11,700 Petrobras Employees Sign Up To Get Fired

Submitted by Zainab Calcuttawala via OilPrice.com,

Over 11,700 Petrobras employees signed up to get fired through the Brazilian energy firm’s voluntary dismissal program, according to a new report by Bloomberg.

The government-owned company set up the program to reduce debt and reduce operational costs by $10 billion in the coming years as global oil prices stay low.

Petrobras workers had until August 31st to sign up for the voluntary dismissal program, through which they would be eligible for severance benefits. Paying out the benefits for the 12,000 workers the company plans to let go will cost $1.23 billion, an official statement said Friday.

So far, the company has pulled out of major investments and stabilized fuel prices in Brazil in order to keep revenues up as the bear market for oil passes.

President Michel Temer – who replaced Dilma Rousseff after she was officially removed from office earlier this week – has vowed to limit government meddling in the affairs of the national energy company. Instead, Temer has called for liberal policies that lower industry costs and increase competition between rival firms.

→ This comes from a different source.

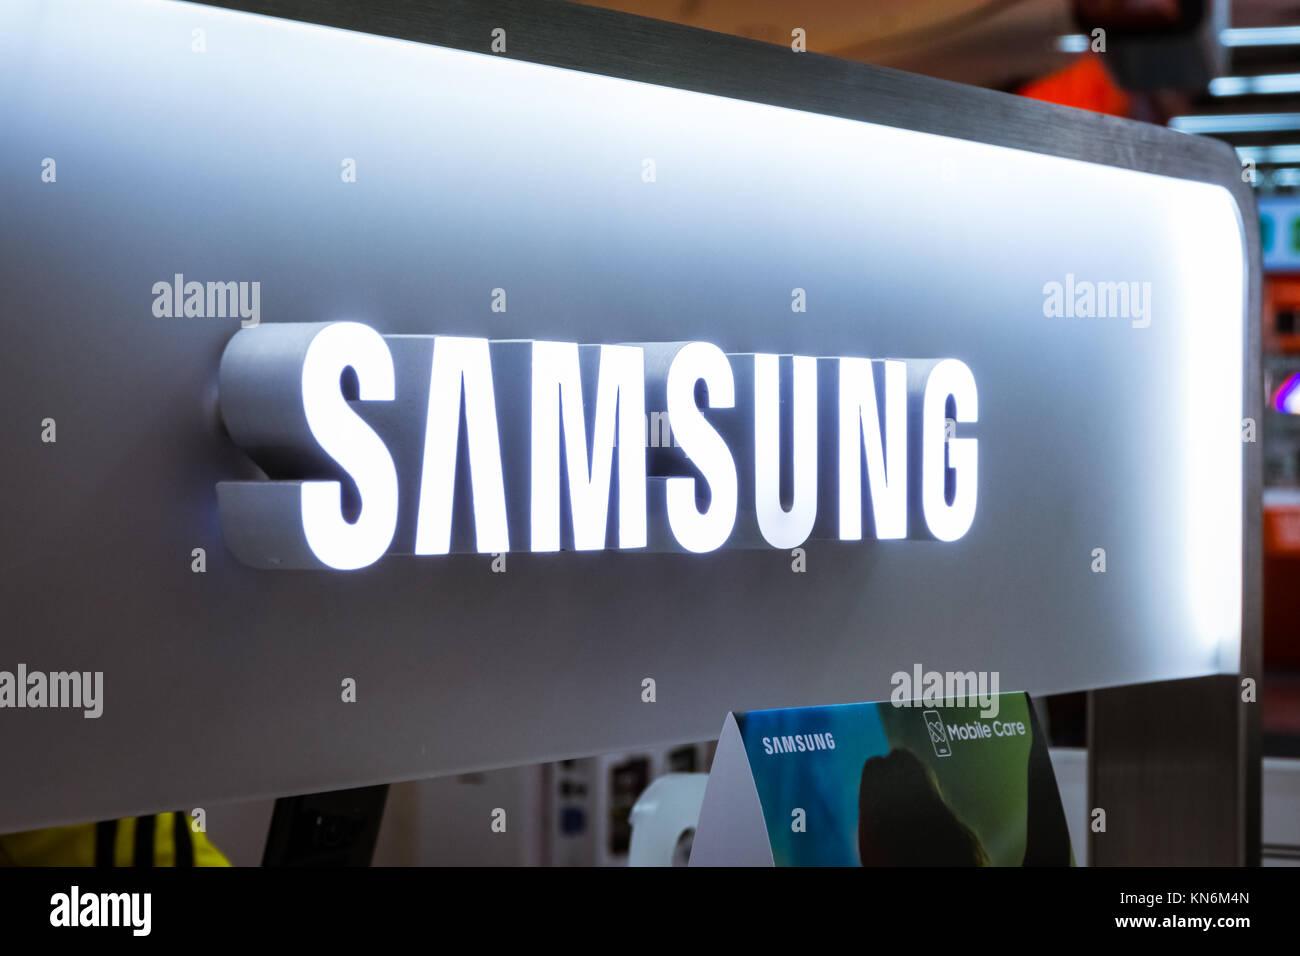 Samsung Logo Electronics Store Technology Display Exhibit October 27 2017 - Stock Image

Temer has also been named in a major national corruption scandal involving Petrobras’ management and a web of kickbacks and campaign donations.

A major Brazilian oil union has said the mass firings have caused a massive brain drain within the company. Experienced workers are needed to extract resources from the deep waters of the Atlantic Ocean, union leaders argue.

"The company is giving up a work force of 20,000 in only two, three years. You would need more than a decade to restore this kind of knowledge," Jose Maria Rangel, from the oil workers’ federation, told Bloomberg in an interview.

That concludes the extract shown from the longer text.